### [AVAILABLE DATA]
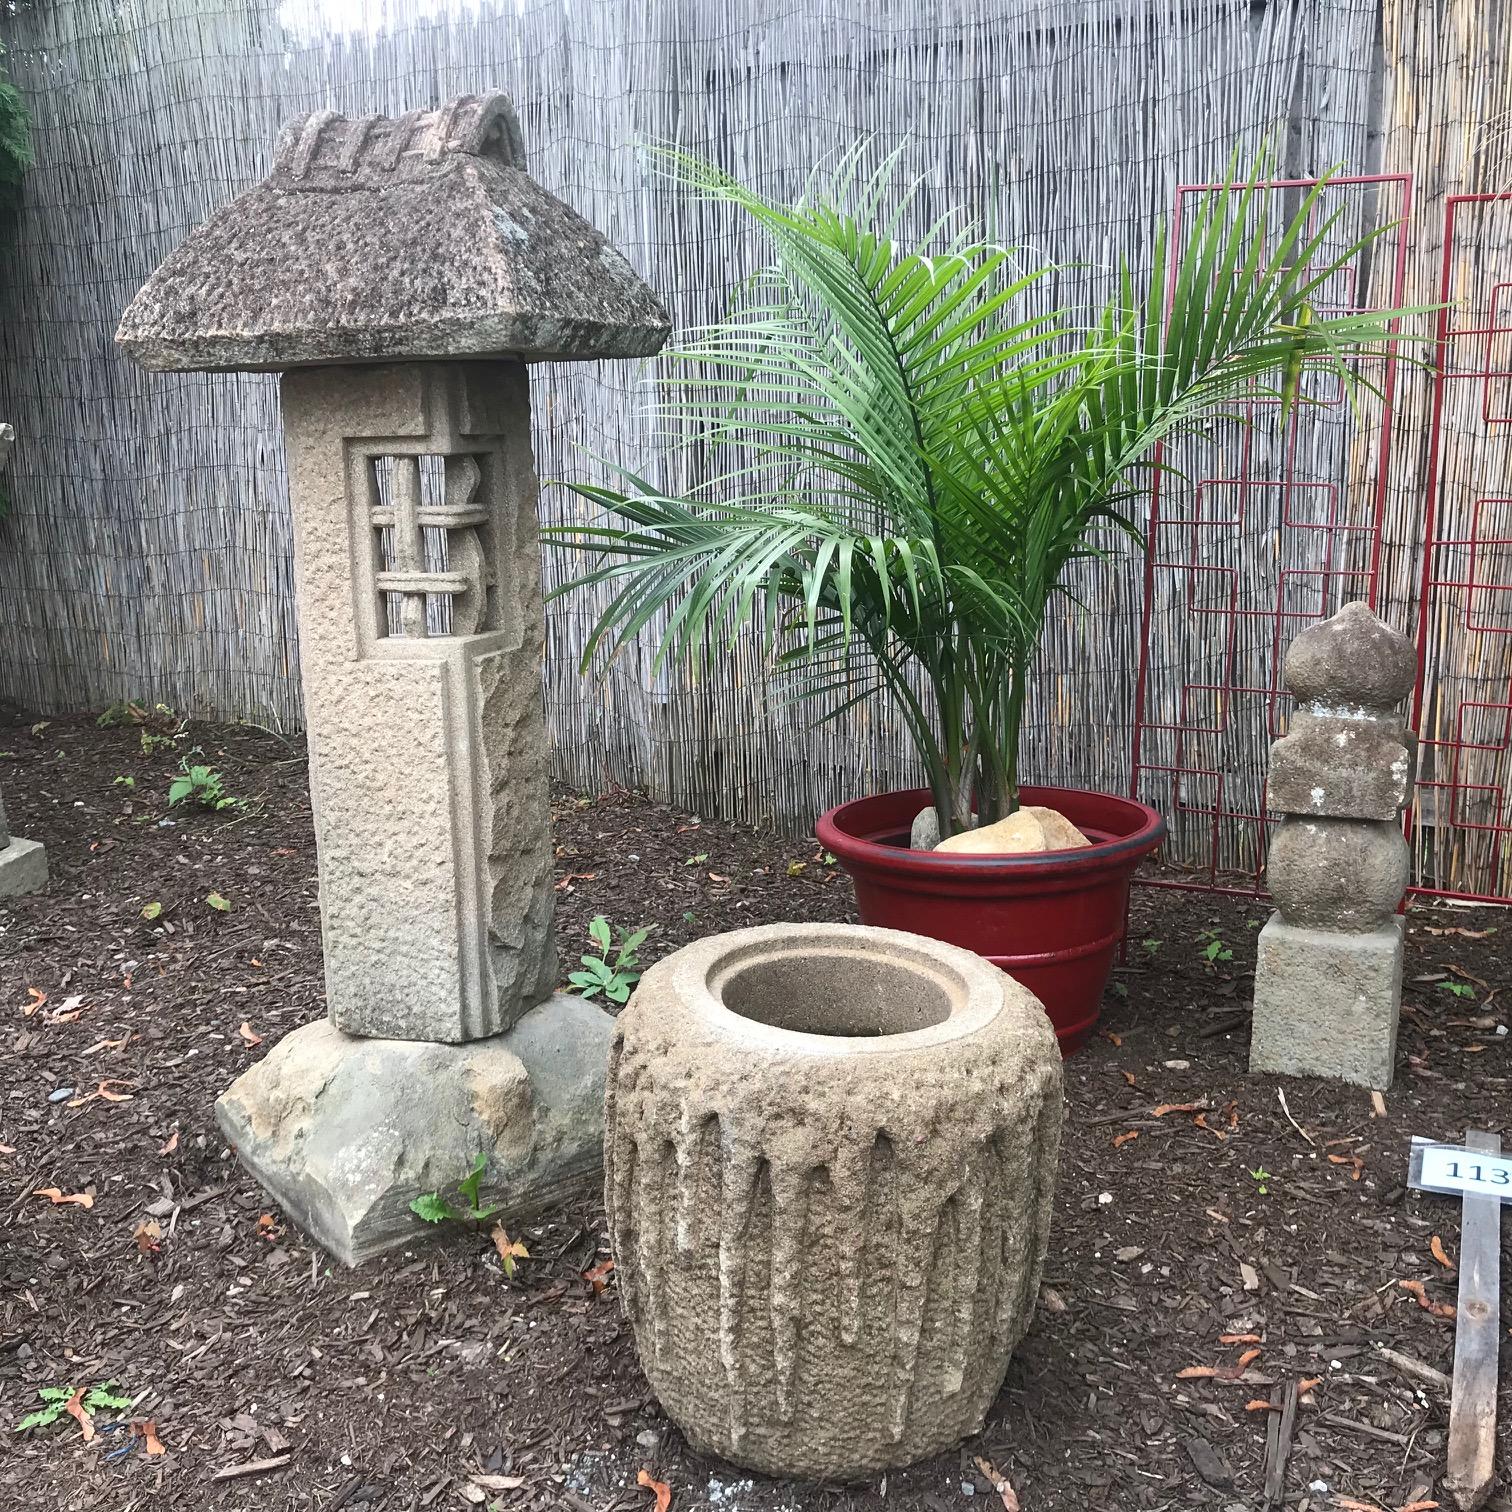 From our recent Japanese acquisitions travels.

Japan an unusual old “post” style hand-carved stone lantern with a unique Minka Mountain House roof and post form body- a rarely seen, unusual and unique combination, three sections. This is the first
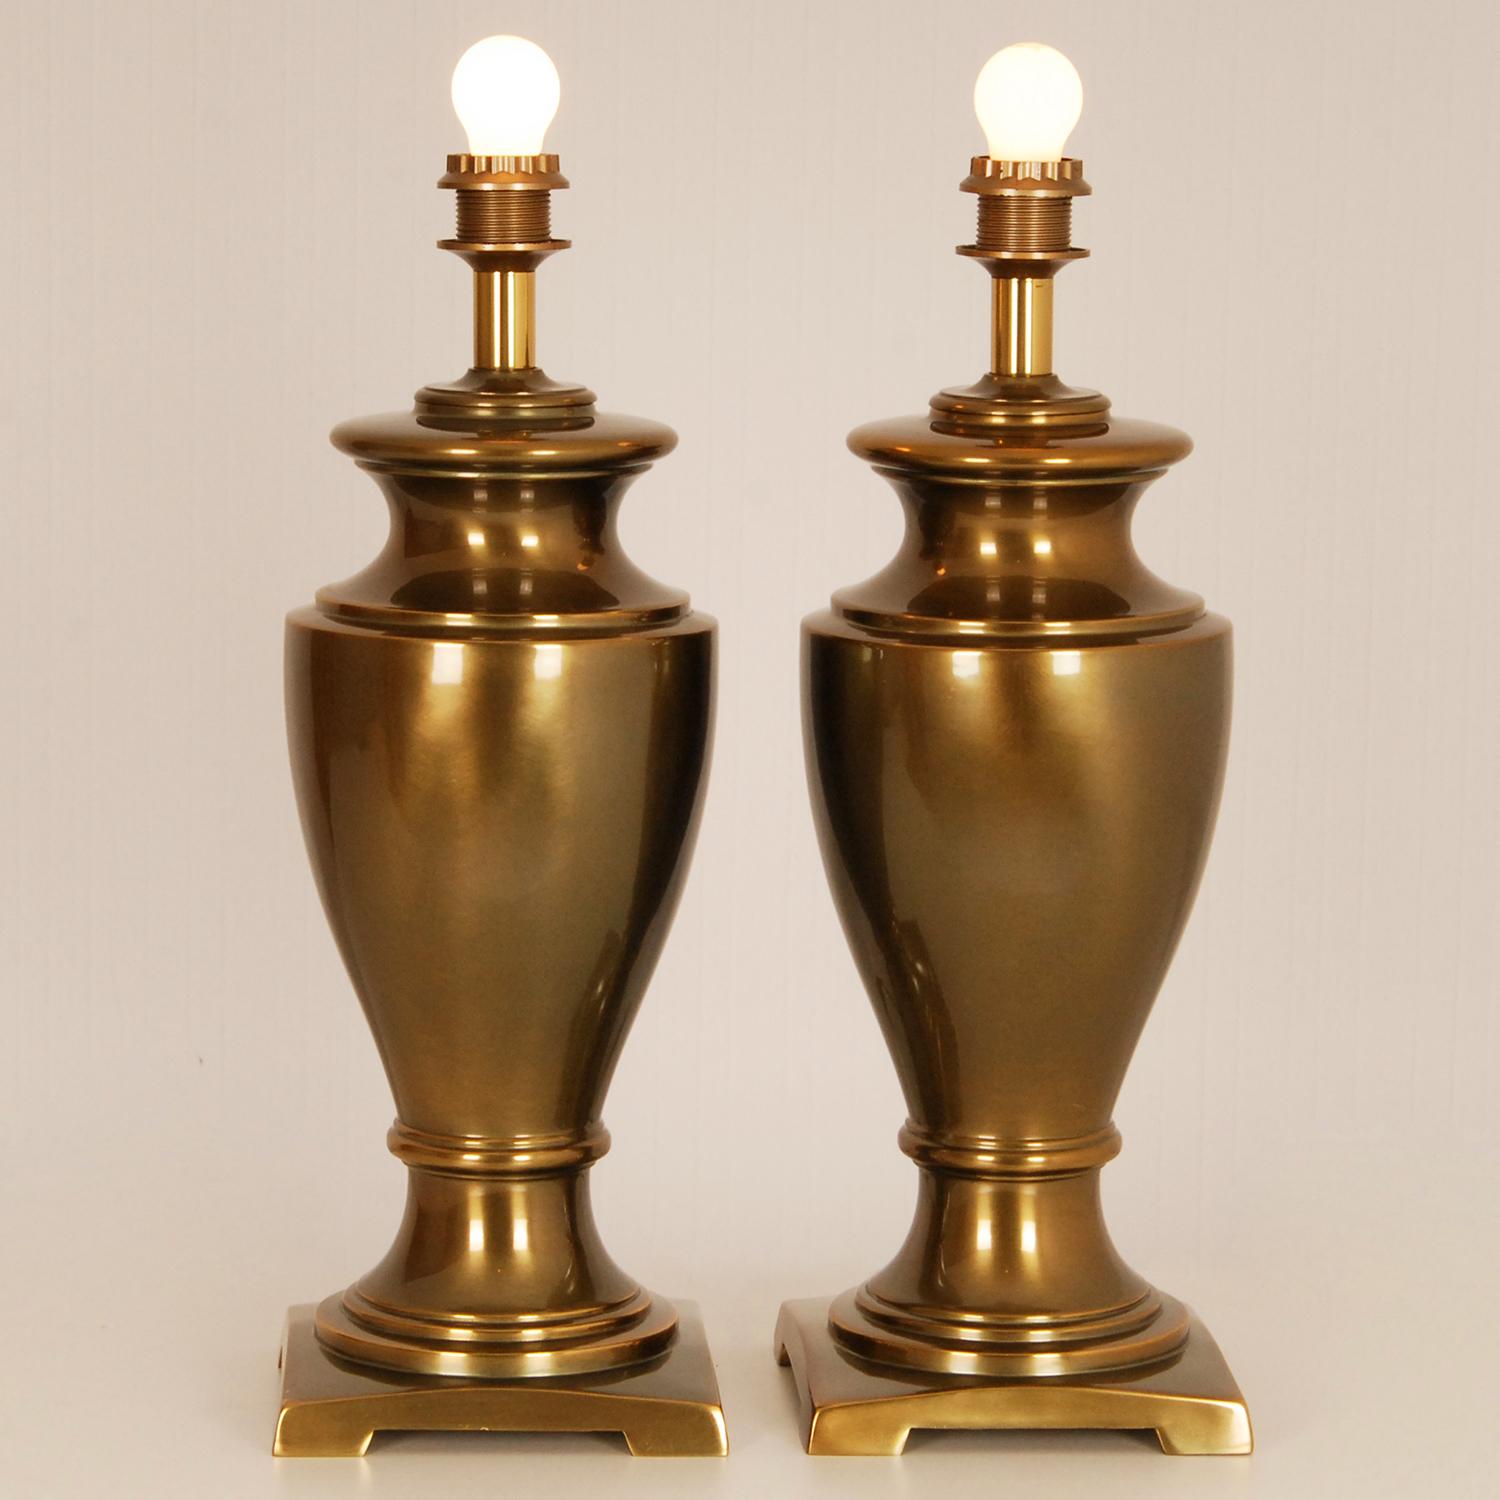 Vintage 1970s Gold Gilt Brass Neoclassical Vase Table Lamps, a Pair For Sale 1

### [REQUIREMENT]
Skipping all pictures, set the listing down exactly as written.

### [FINAL ANSWER]
 From our recent Japanese acquisitions travels.

Japan an unusual old “post” style hand-carved stone lantern with a unique Minka Mountain House roof and post form body- a rarely seen, unusual and unique combination, three sections. This is the first
 Vintage 1970s Gold Gilt Brass Neoclassical Vase Table Lamps, a Pair For Sale 1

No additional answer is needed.